I had officially declared myself insane.

Driven to madness, possibly from exhaustion, but likely from cabin fever, trapped inside the stony walls of my captor's castle.

Calling him my captor was the only way to silence the noise in my brain anytime the image of him sucking his fingers clean appeared behind my eyelids. Desire flooded down to my core at the memory, forcing me to clench my thighs to relieve the need.

Kame's head nudged under my palm, forcing it behind his ears, as if to demand a scratch.

"Well, your master let us walk, so let's not waste this freedom, shall we?" I hummed under my breath, giving him a final scratch between his eyebrows before we both moved our legs.

The Stonecrux dared not move as we exited the castle grounds, as if commanded by their ruler, though I was certain there had not been time for him to give out orders. Still, it was unnerving walking past them, even with Kame at my heels warding any threat off.

Holding my breath with every step until the gigantic, faceless stone guards were out of my peripheral, I took in my surroundings.

It was vast.

Vast, dark, nothingness.

The kind where, even with my hands just a few inches from my face, it was impossible to see. Lifting my chin up into the night sky, a gasp fell from my lips.

Not the night sky .

Pitch-black above. No moon, no stars, not a twinkle of light that gave some sort of sign of life in this world. I could have sworn I had seen them before, that first night when he brought me to the tower. The full moon, the constellations, Venus!

But there was nothing now.

"Kame?" I called out in a panic, shifting my gaze back from above, but the all-encompassing void was dizzying, disorienting, and I stumbled back.

His large body caught me, a low growl, like a warning to me. "I'm sorry, boy. I didn't realize it was so–"

Frightening.

Inside the castle, there were lights, there were sounds, and yet here, just a few steps from the walls that separated us, it was like an entirely different world. The silence was deafening, terrifyingly muted, making it so Kame's breathing was the only thing noticeable.

Or was that my breathing?

The rustling of trees blowing in the distance had the hairs on my arms coming to a stand, a squeak of a whimper leaving my mouth despite my jaw never unclenching.

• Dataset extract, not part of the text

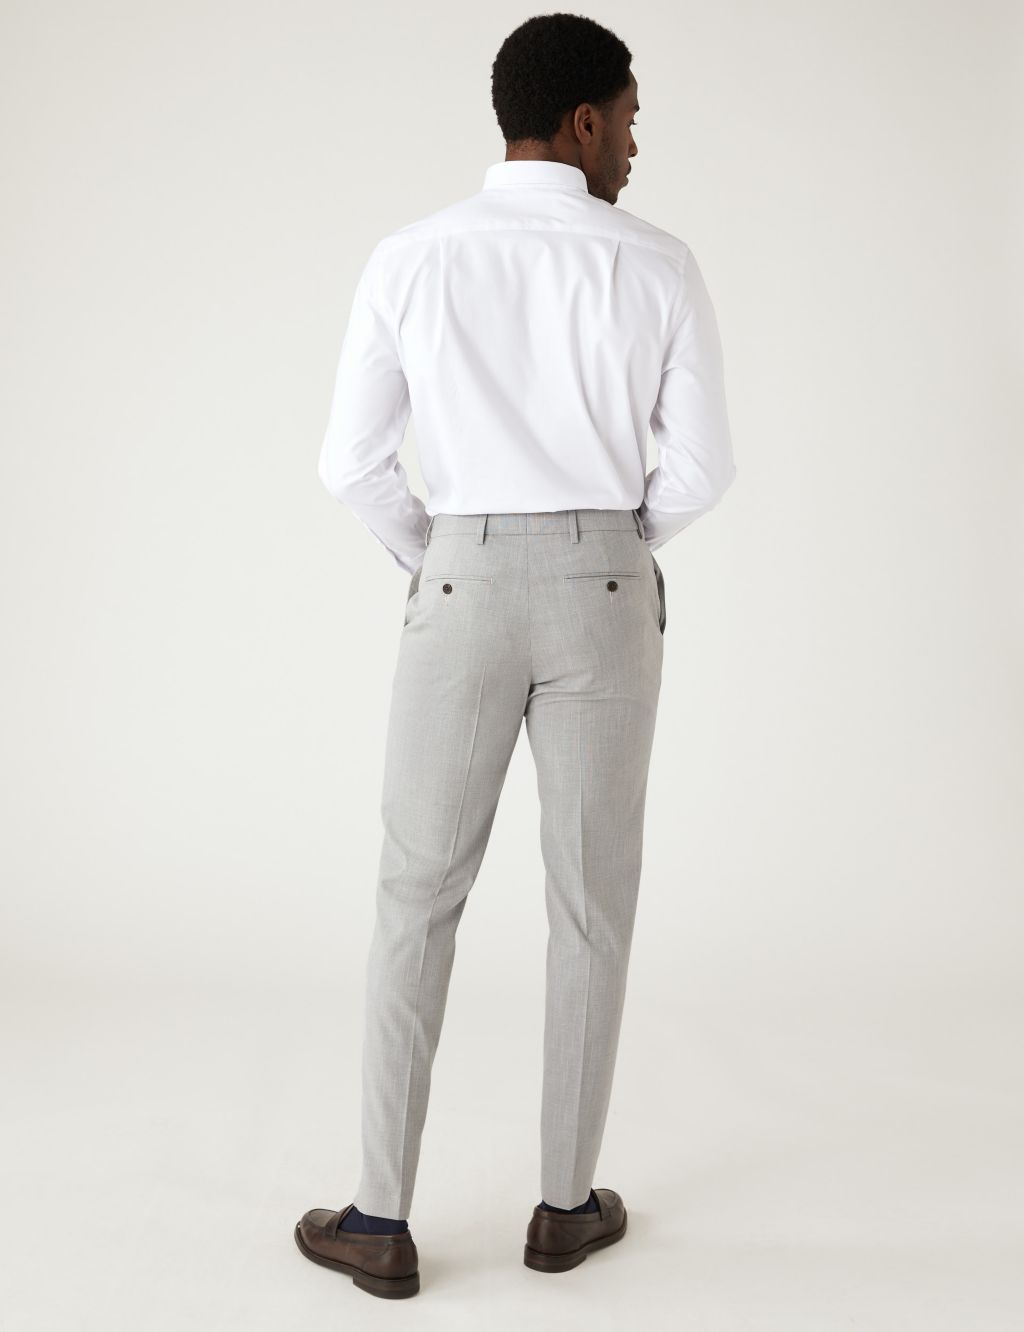 Textured Stretch Trousers image 4
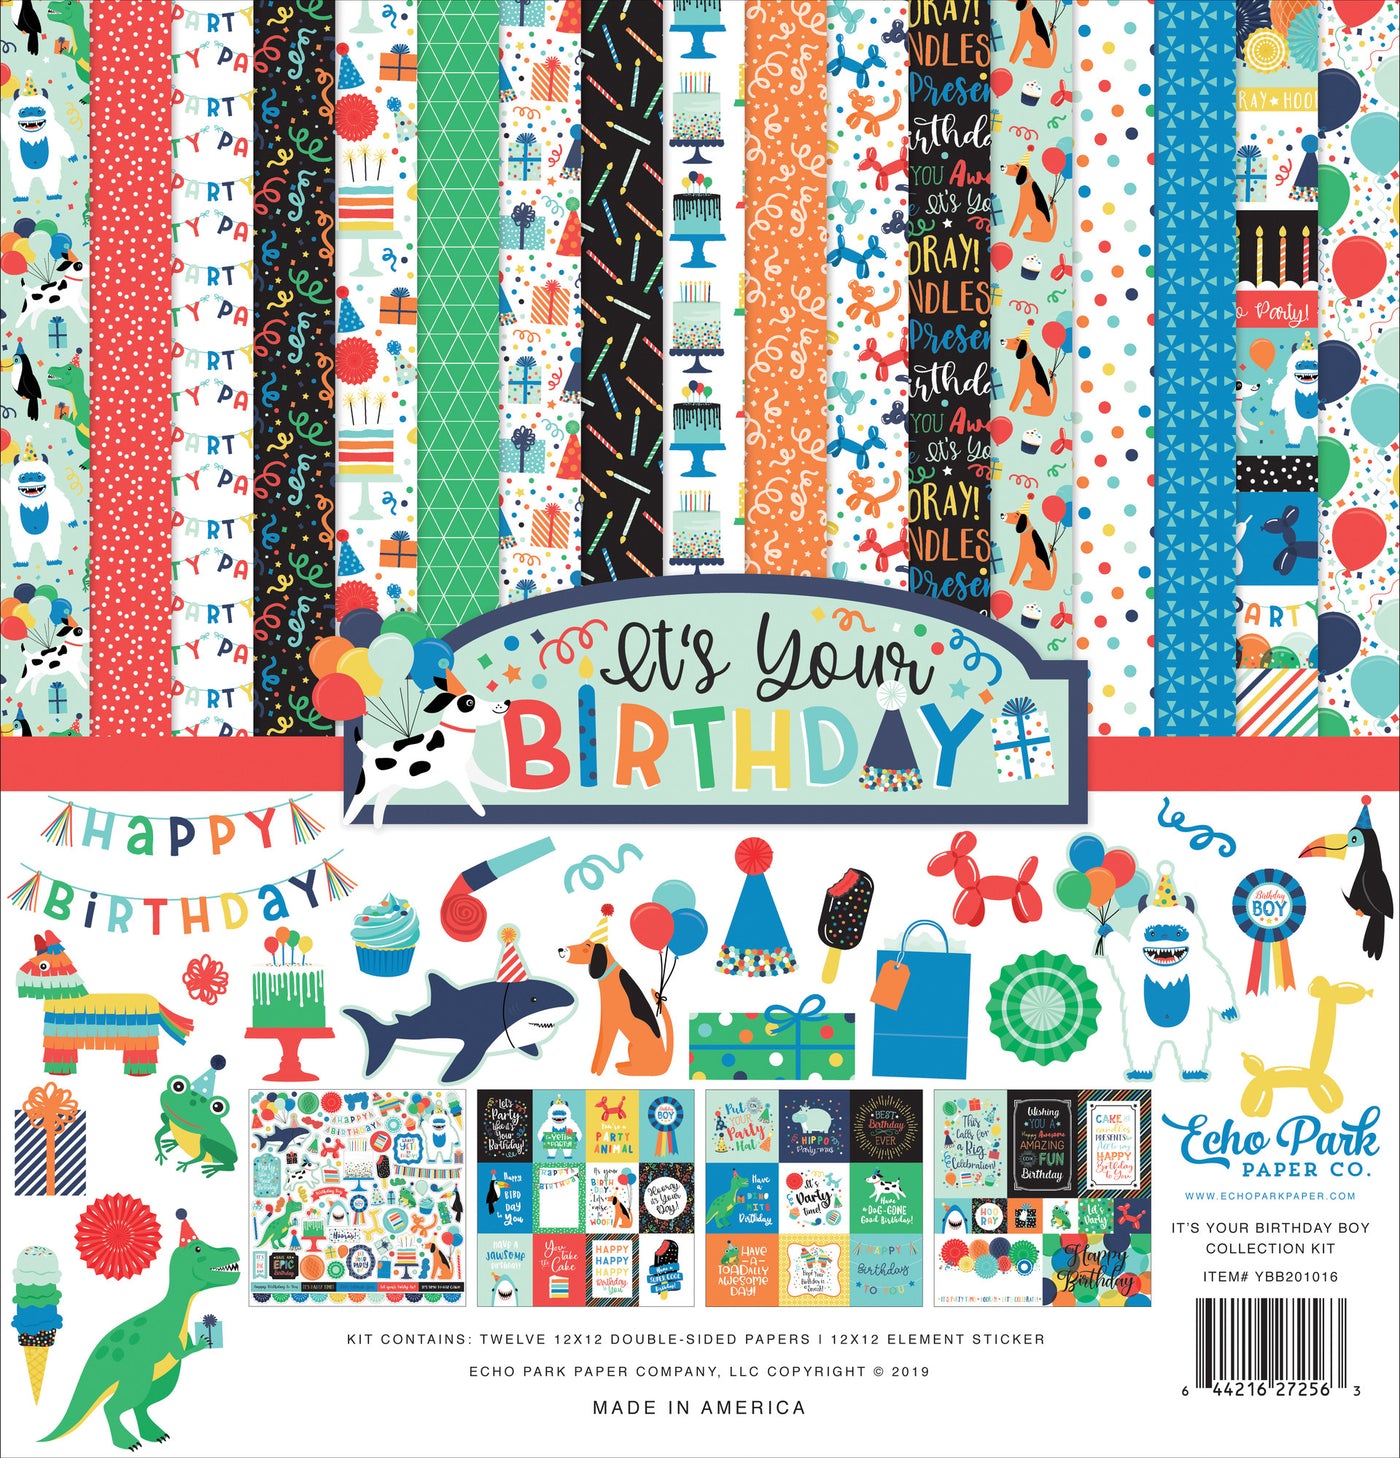 Twelve double-sided designer sheets with perfect designs to create memories for a boy's birthday party. Boy-relevant, party-related themes. 12x12 textured cardstock.

"Maybe this was a bad idea," I whispered to Kame, knowing he would keep my secret.

I'd never let Camazotz see just how little it would take if he really wanted to scare me.

A sorrowful wolf howled in the distance, forcing my head to whip in the direction of the sound. My heart was suddenly the loudest thing out here, its thumping so violent, I could feel my rib cage moving with every ounce of blood that passed through its ventricles.

Kame's head nudged my hand again, this time more urgent, like he was trying to tell me something. I willed my heart to quiet, and in the process, I swear those heartbeats began to sound like paws beating the ground, getting louder as the beast approached in the darkness.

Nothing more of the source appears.